◆ **EXERCISE DESCRIPTION**
As the answer, return precisely the lines from the one containing "Emanuela Passeri Ankle Boot - Women" to the final line of the material below, inclusive, and omit every picture.

◆ **DATA PROVIDED**
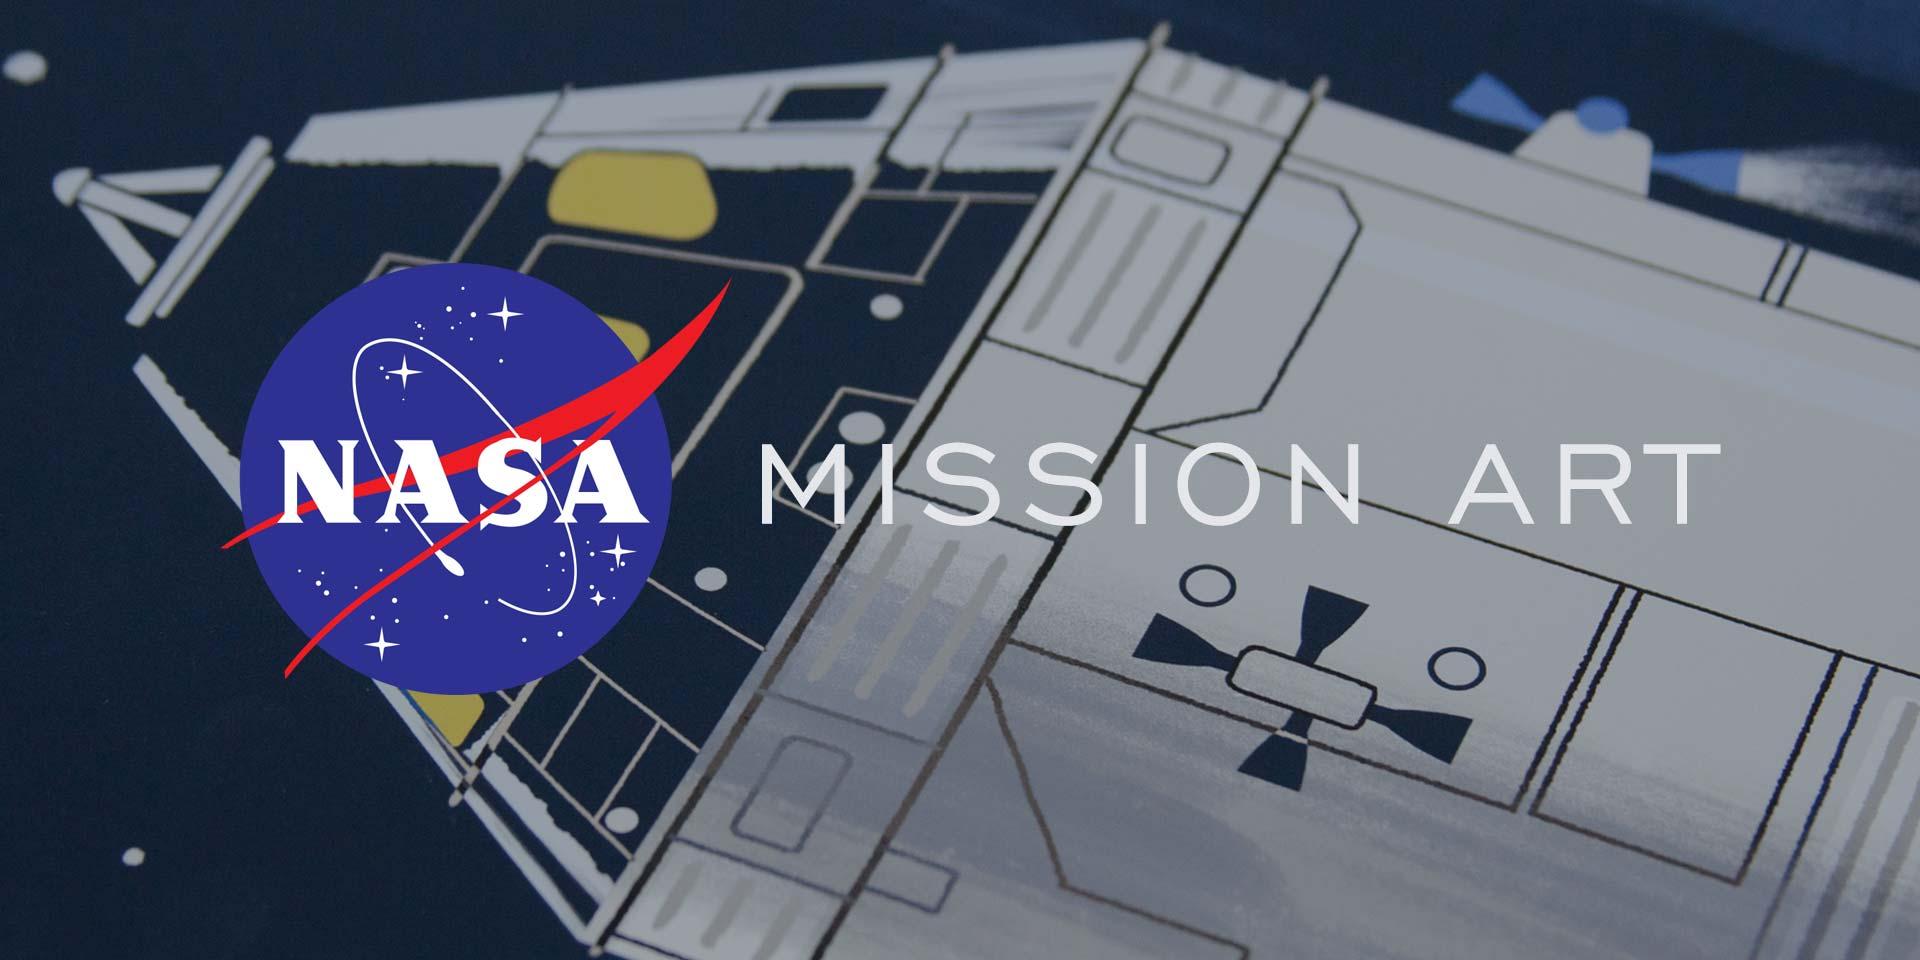 Nasa Mission Art
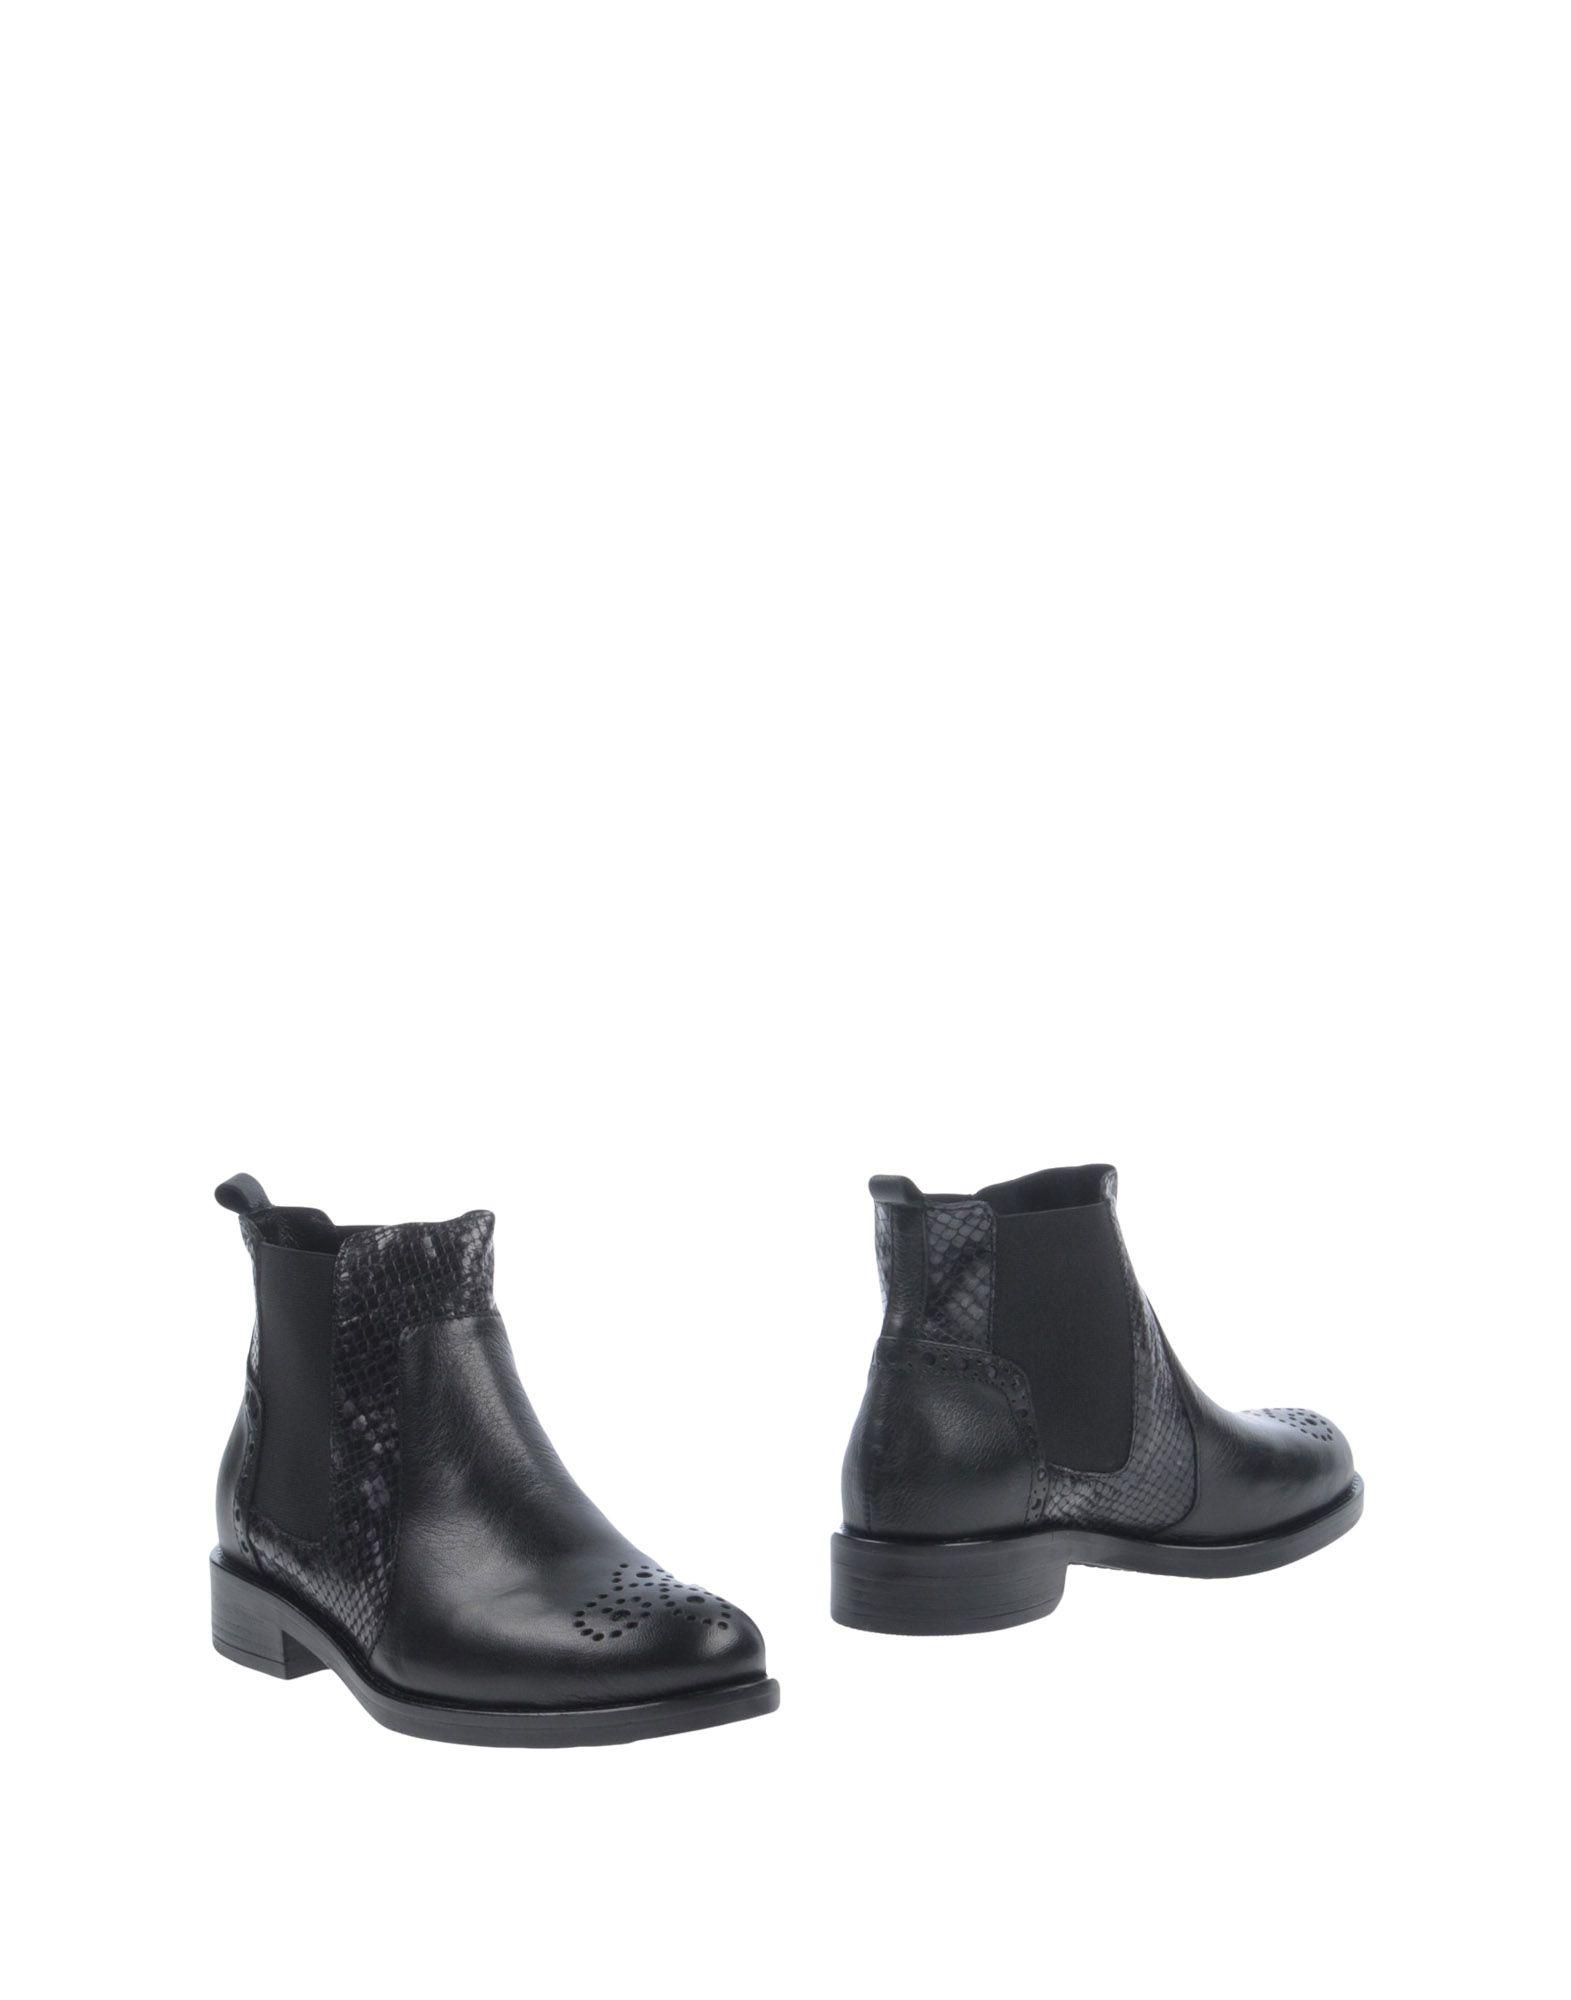 Emanuela Passeri Ankle Boot - Women online Emanuela Passeri Ankle Boots online Women on  Australia - 11444697NN f2f0f5
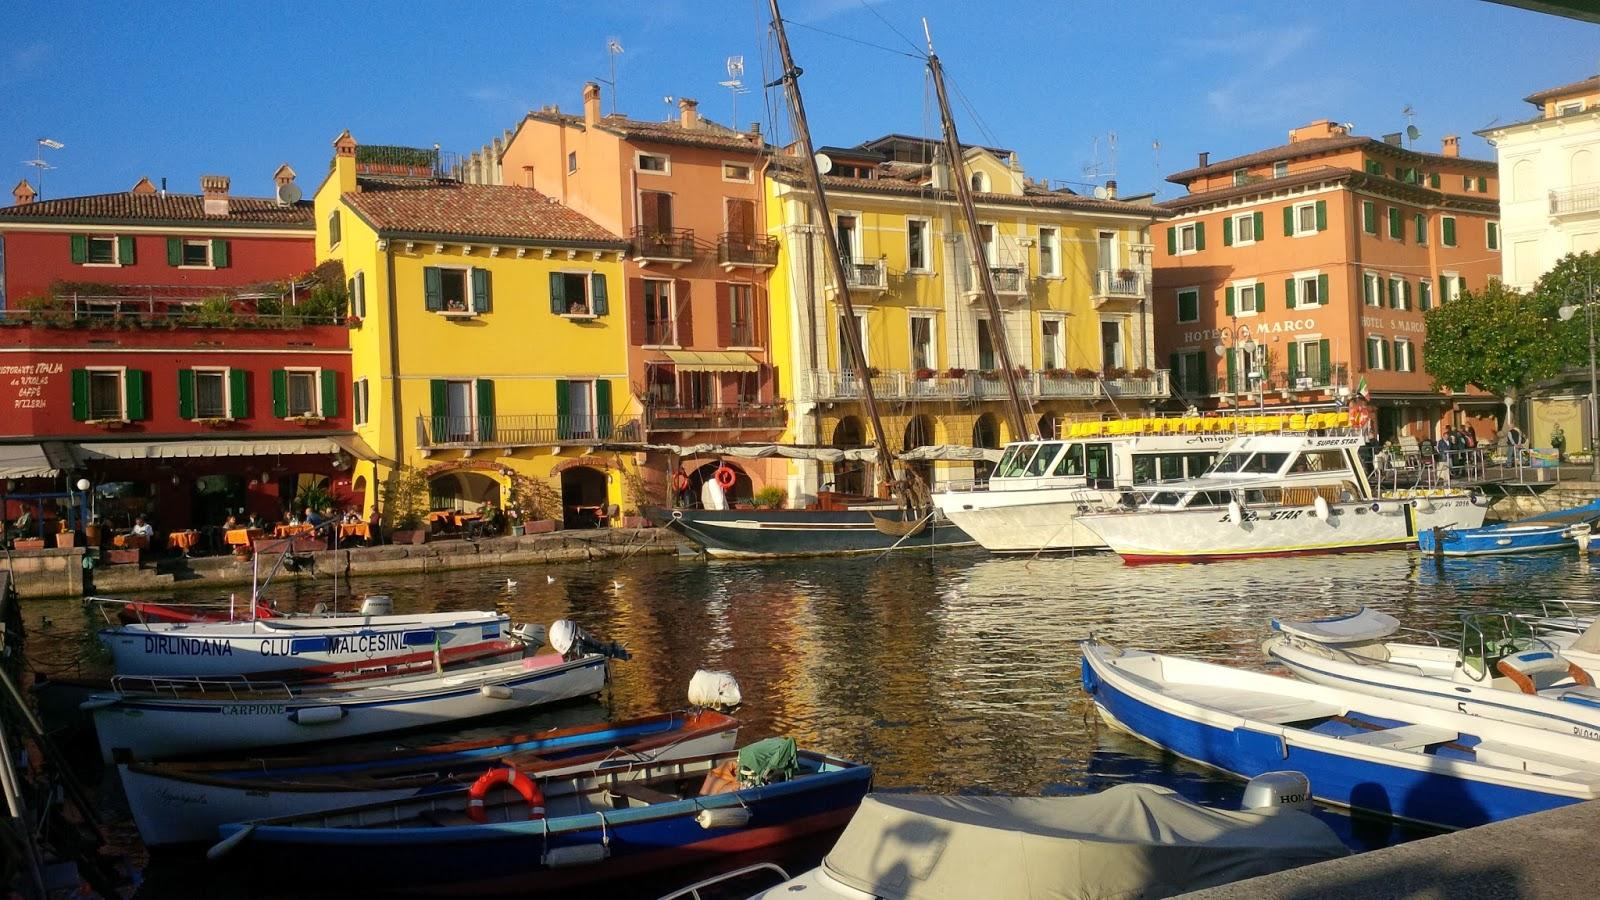 Malcesine's harbour, Lake Garda - Veneto, Italy - www.rossiwrites.com

◆ **SOLUTION**
 Emanuela Passeri Ankle Boot - Women online Emanuela Passeri Ankle Boots online Women on  Australia - 11444697NN f2f0f5
 Malcesine's harbour, Lake Garda - Veneto, Italy - www.rossiwrites.com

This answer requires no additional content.